German Chancellor Olaf Scholz said his country is interested in a major gas exploitation project in Senegal as he began a three-nation visit to Africa on Sunday that also is focused on the geopolitical consequences of the war in Ukraine.

Senegal is believed to have significant deposits of natural gas along its border with Mauritania at a time when Germany and other European countries are trying to reduce their dependence on importing Russian gas.

“We have begun exchanges and we will continue our efforts at the level of experts because it is our wish to achieve progress,” Scholz said at a joint news briefing with Senegalese President Macky Sall.

The gas project off the coast of Senegal is being led by BP, and the first barrels are not expected until next year.

This week’s trip marks Scholz’s first to Africa since becoming chancellor nearly six months ago. Two of the countries he is visiting — Senegal and South Africa — have been invited to attend the Group of 7 summit in Germany at the end of June.

Participants there will try to find a common position toward Russia, which was kicked out of the then-Group of Eight following its 2014 seizure of Crimea from Ukraine.

Leaders at the G-7 summit also will be addressing the threat of climate change. Several G-7 countries, including Germany and the United States, signed a ‘just energy transition partnership’ with South Africa last year to help the country wean itself off heavily polluting coal.

A similar agreement is in the works with Senegal, where Germany has supported the construction of a solar farm.

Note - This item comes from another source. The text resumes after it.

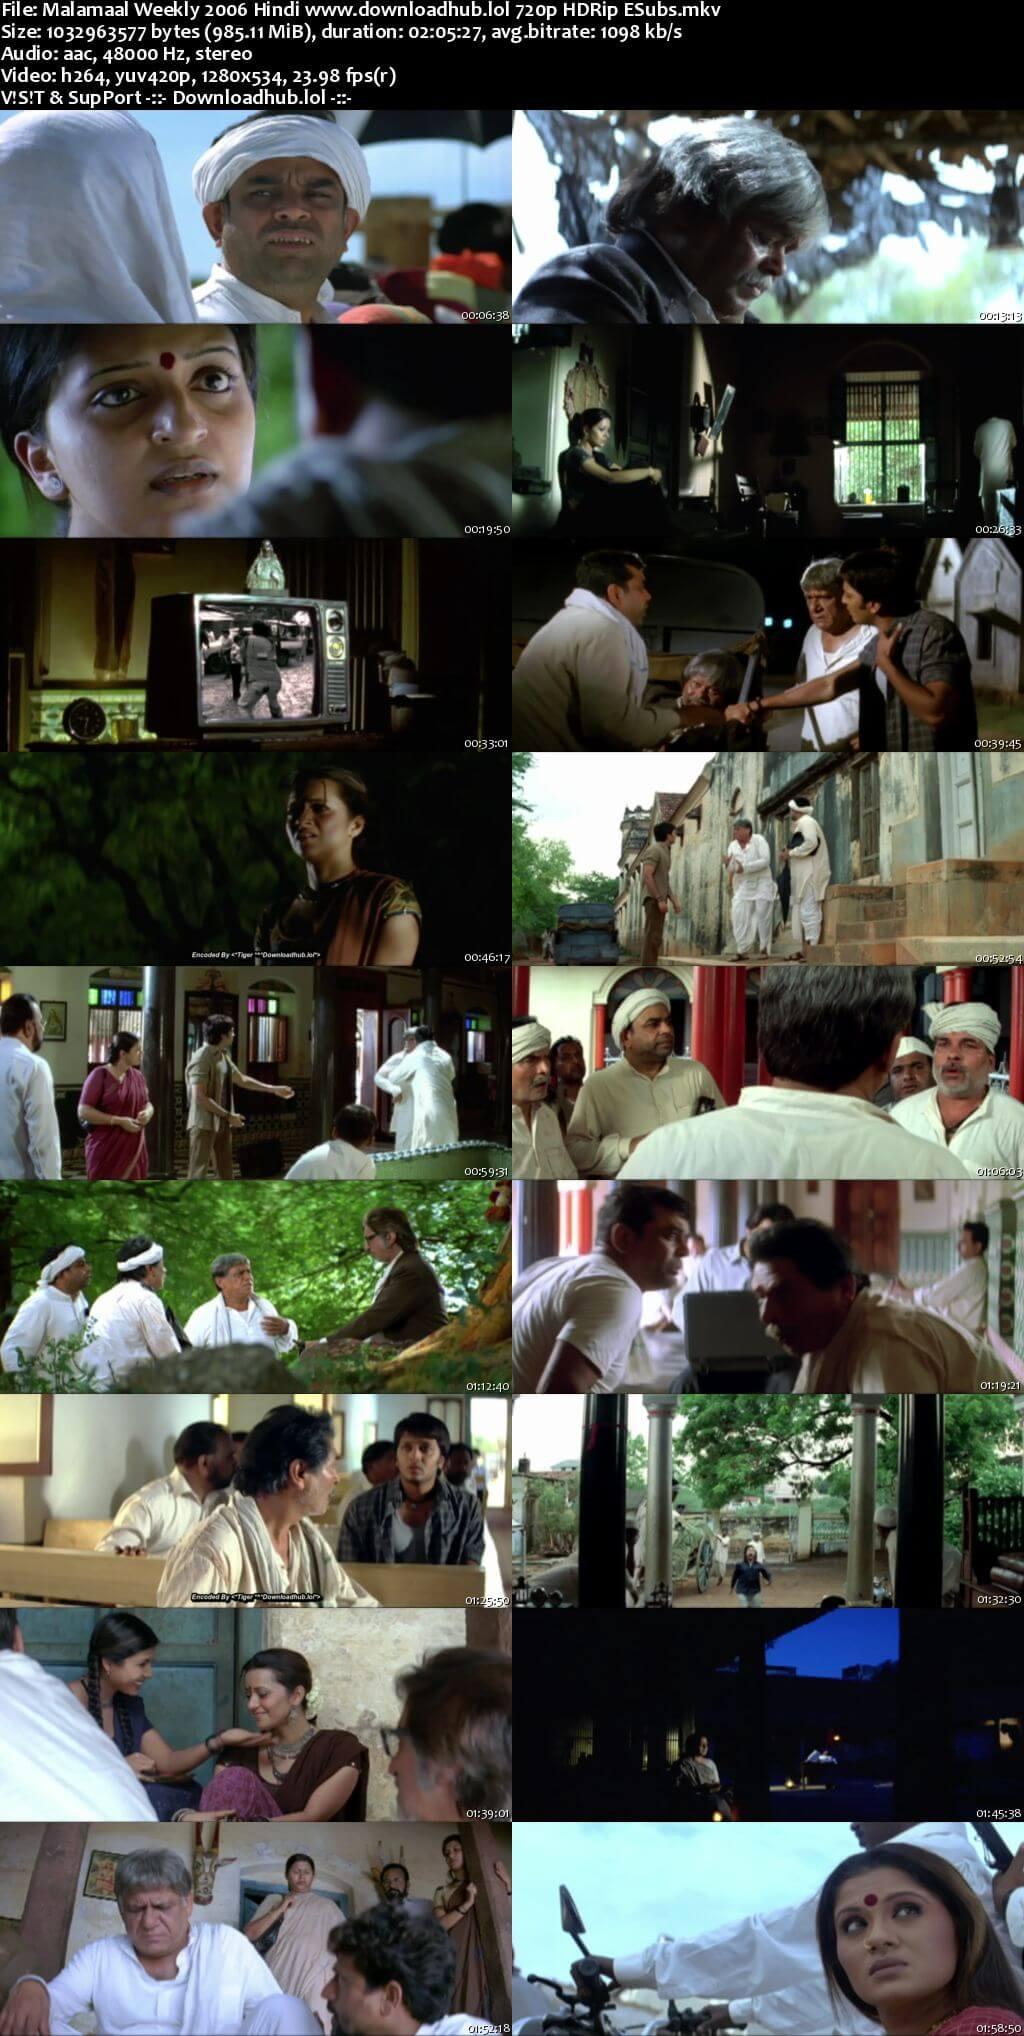 Malamaal Weekly 2006 Hindi 720p HDRip ESubs

German officials also said Scholz will make a stop in Niger, a country that like its neighbors has long been battling Islamic extremists.

Earlier this month, the German government backed a plan to move hundreds of its soldiers to Niger from neighboring Mali. The development comes amid a deepening political crisis in Mali that prompted former colonial power France to announce it was withdrawing its troops after nine years of helping Mali battle insurgents.

Germany officials say their decision also was motivated by concerns that Malian forces receiving EU training could cooperate with Russian mercenaries now operating in the country.

Germany, though, will increase its participation in a U.N. peacekeeping mission in Mali, providing up to 1,400 soldiers. The Cabinet’s decisions still need to be approved by parliament.

Niger is also a major transit hub for illegal migration to Europe. People from across West Africa connect with smugglers there to make the journey northward to attempt the dangerous trip across the Mediterranean Sea.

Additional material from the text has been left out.